Night Rider (1974) # 4

Cover Artist: Gil Kane
Published: April 1975
Original Price: $.25
 
Title: "...And Men Shall Call Him Sting-Ray!"
Writer: Gary Friedrich
Artist: Dick Ayers
Inker: Vince Colletta
Letterer: Al Kurzrok
Colorist: None Credited
Editor: Stan Lee
 
SYNOPSIS
At a barn dance benefit to raise money for text books, the people of Bison Bend are robbed by a costumed villain named Sting-Ray.  While Carter Slade escapes to get his Ghost Rider outfit, the Sting-Ray uses his "paralysis bullets" to freeze Sheriff Brooks and Clay Rider in their tracks when they try to stop the robbery.  Sting-Ray escapes, but when Ghost Rider arrives to purse him he is instead chased by a posse led by Sheriff Brooks.  Using his ghost tricks, the Ghost Rider is able to escape the men and return to the barn as Carter Slade, just as Natalie Brooks is leaving with her fiancé Clay.  Meanwhile, the Sting-Ray has returned to his identity as the operator of the town drugstore, where he concocted his "stun bullets".  He thinks back to his previous criminal identity as the Scorpion, and after he escaped prison he began his string of robberies as the Sting-Ray.  Now, in Bison Bend, he is ready to enact his plan to become "emperor of the West".

The next day, Ben Brooks talks with his men about catching the Ghost Rider, unaware that one of the men is secretly the Sting-Ray.  That night, while the men ride off to set a trap at an incoming gold shipment, the Sting-Ray kidnaps Natalie to hold hostage in exchange for power.  He takes her to the drugstore, but before he can hurt her he is confronted by the Ghost Rider, who followed the villain to the hideout.  The two men fight and Ghost Rider unmasks Sting-Ray just as the Sheriff and his posse arrive.  They attempt to arrest Ghost Rider, who barely manages to escape using his tricks.  When Brooks attempts to fire his gun at the fleeing Ghost Rider he is suddenly disarmed by the Tarantula, who claims friendship with the Ghost Rider.  The Tarantula rides away, but Brooks is now convinced that the Ghost Rider has to be a criminal despite Natalie's disbelief.

ANNOTATIONS 
This issue is a reprint of The Ghost Rider (1967) # 4.

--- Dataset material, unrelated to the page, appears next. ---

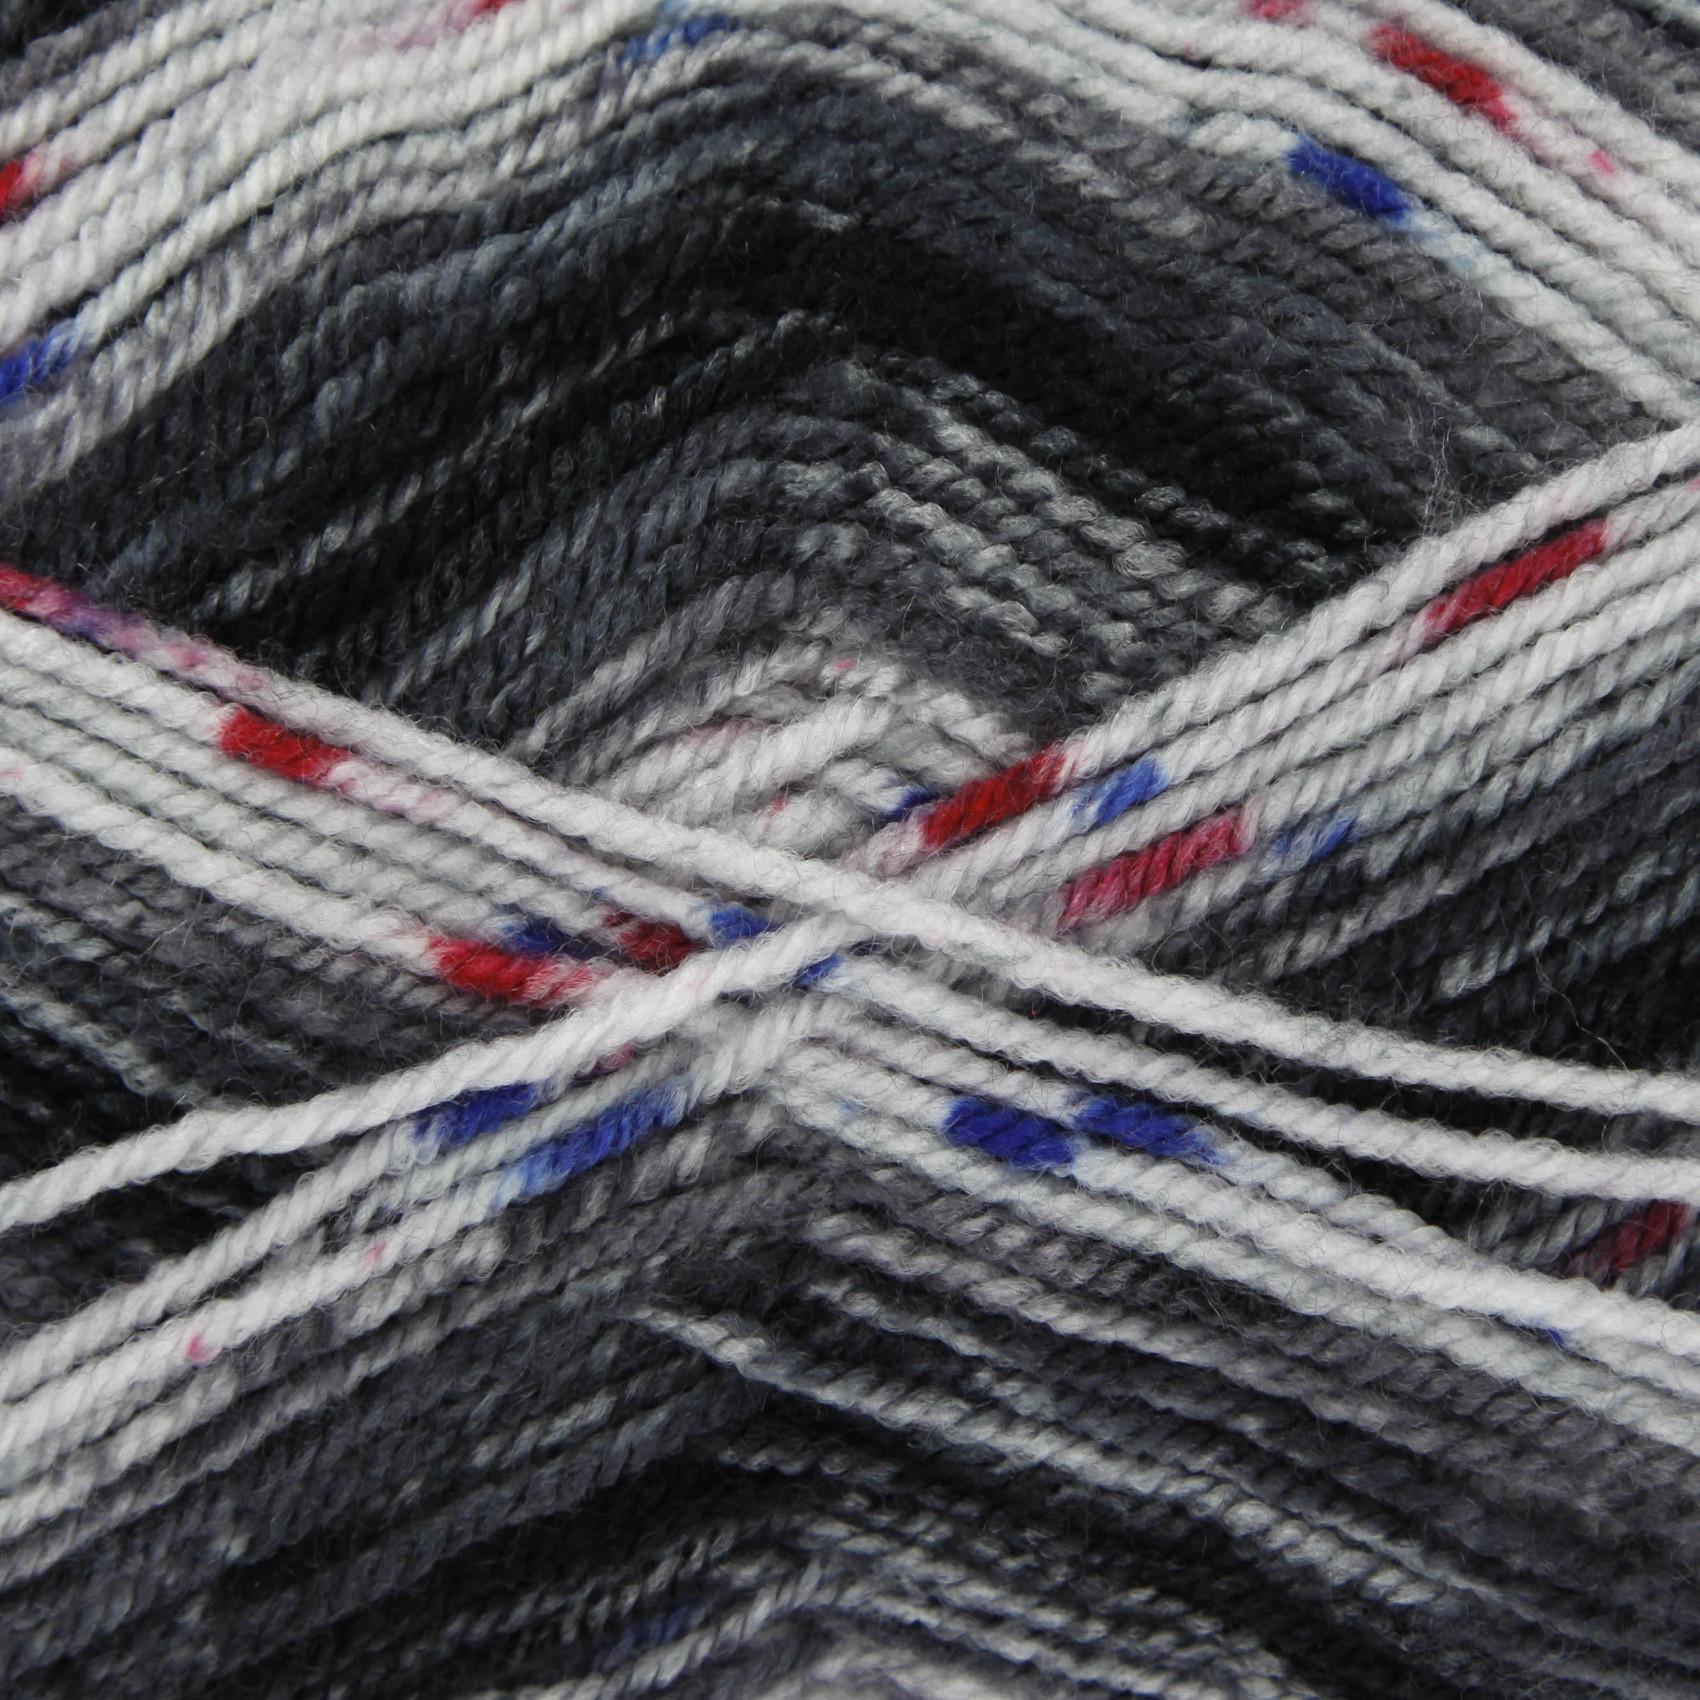 Knitting Yarn Design : King cole splash dk acrylic yarn double knit wool g

To avoid confusion with the then-current Johnny Blaze character and series, when Carter Slade was reintroduced in the pages of Avengers his name was changed to Night Rider.  In this reprint series, all instances of the Ghost Rider's name were re-lettered to "Night Rider".  Marvel would change the name again to "Phantom Rider" in the 1980s when they realized the white-garbed Ku Klux Klan called their soldiers Night Riders, an unfortunate coincidence to say the least.